WORKPLACE AND FACILITIES

NEWS

New HSE guidance for high-rise residential buildings

13 Jul 2022

The HSE has produced guidance regarding safety cases and safety case reports for high-rise residential buildings. Whilst fires and serious structural incidents in high-rise residential buildings are rare, when they happen, the consequences for people in or around the building can be catastrophic. A single incident can affect many people and their homes.

The government’s recent building safety reforms propose a proportionate and systematic regulatory framework, the aim being to prevent and reduce the severity of a serious fire or structural failure. It includes more stringent requirements for high-rise buildings.

Safety case
The safety case is all the information you use to manage:

  • The risk of fire spread; and
  • The structural safety of your building.

Some of this information will show how you are:

  • Preventing fire spread and structural failure in your building; and
  • Limiting their consequences.

Safety case report
The safety case report is a document that summarises your safety case. It identifies your building's major fire and structural hazards and it shows how you are managing the risks as far as you can.

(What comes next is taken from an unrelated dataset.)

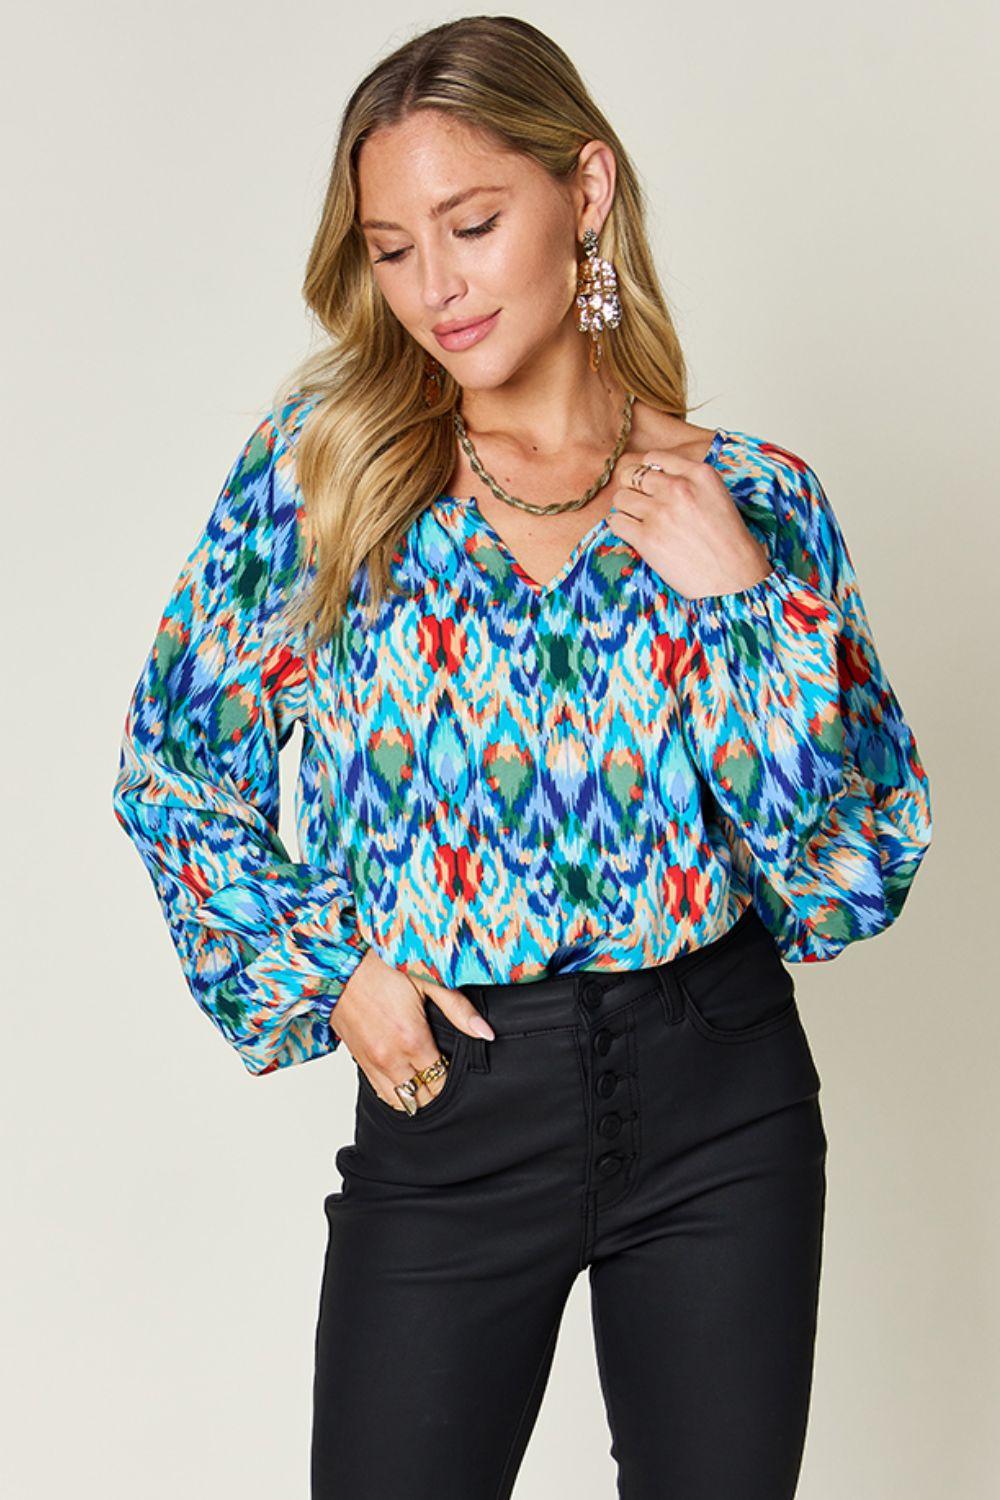 Double Take Full Size Printed Balloon Sleeve Blouse Sky Blue Shirts & Tops

The report should give the reader confidence that you:

  • Have identified your building's major fire and structural risks; and
  • Are managing and controlling them.

The Building Safety Act introduces a set of new roles and responsibilities for people who manage occupied, high-rise residential buildings. Although the Act has become law, the duties it describes for existing occupied high-rise residential buildings have not come into force yet. Registration of existing buildings is expected to begin in April 2023, with the Building Assessment Certificate process expected to begin in April 2024. You can read more about transitional arrangements in this HSE factsheet.

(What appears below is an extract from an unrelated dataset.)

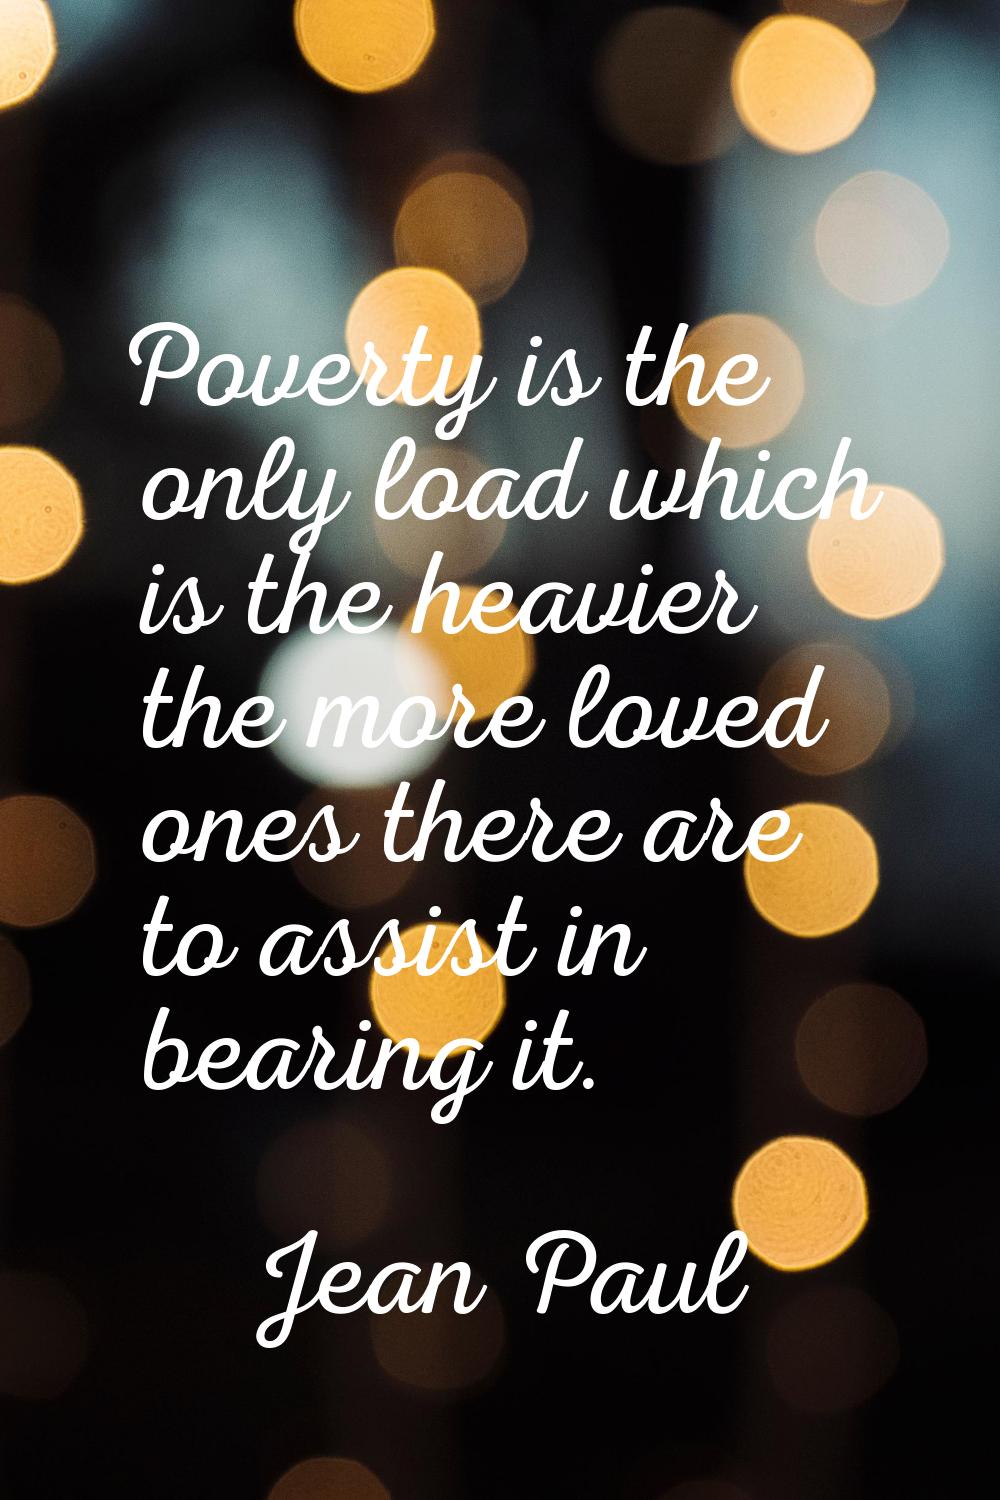 Poverty is the only load which is the heavier the more loved ones there are to assist in bearing it

If you manage a high-rise residential building, you’ll need to take all reasonable steps to:

  • Prevent any building safety incidents; and
  • Reduce the severity of an incident, should one occur.

The Act defines a building safety risk as the spread of fire, or structural failure. The spread of fire includes the spread of all forms of combustion, for example smoke, fumes, and heat.

In the Act, those responsible for occupied, high-rise residential buildings will be required to:

  • Register their building with the Building Safety Regulator (BSR);
  • Perform a building safety risk assessment;
  • Introduce measures to manage building safety risks; and
  • Prepare a safety case report for their building to give to BSR on request.

The BSR will publish case studies and examples of proportionate responses to common situations as it develops the new regime and has produced guidance to help people prepare.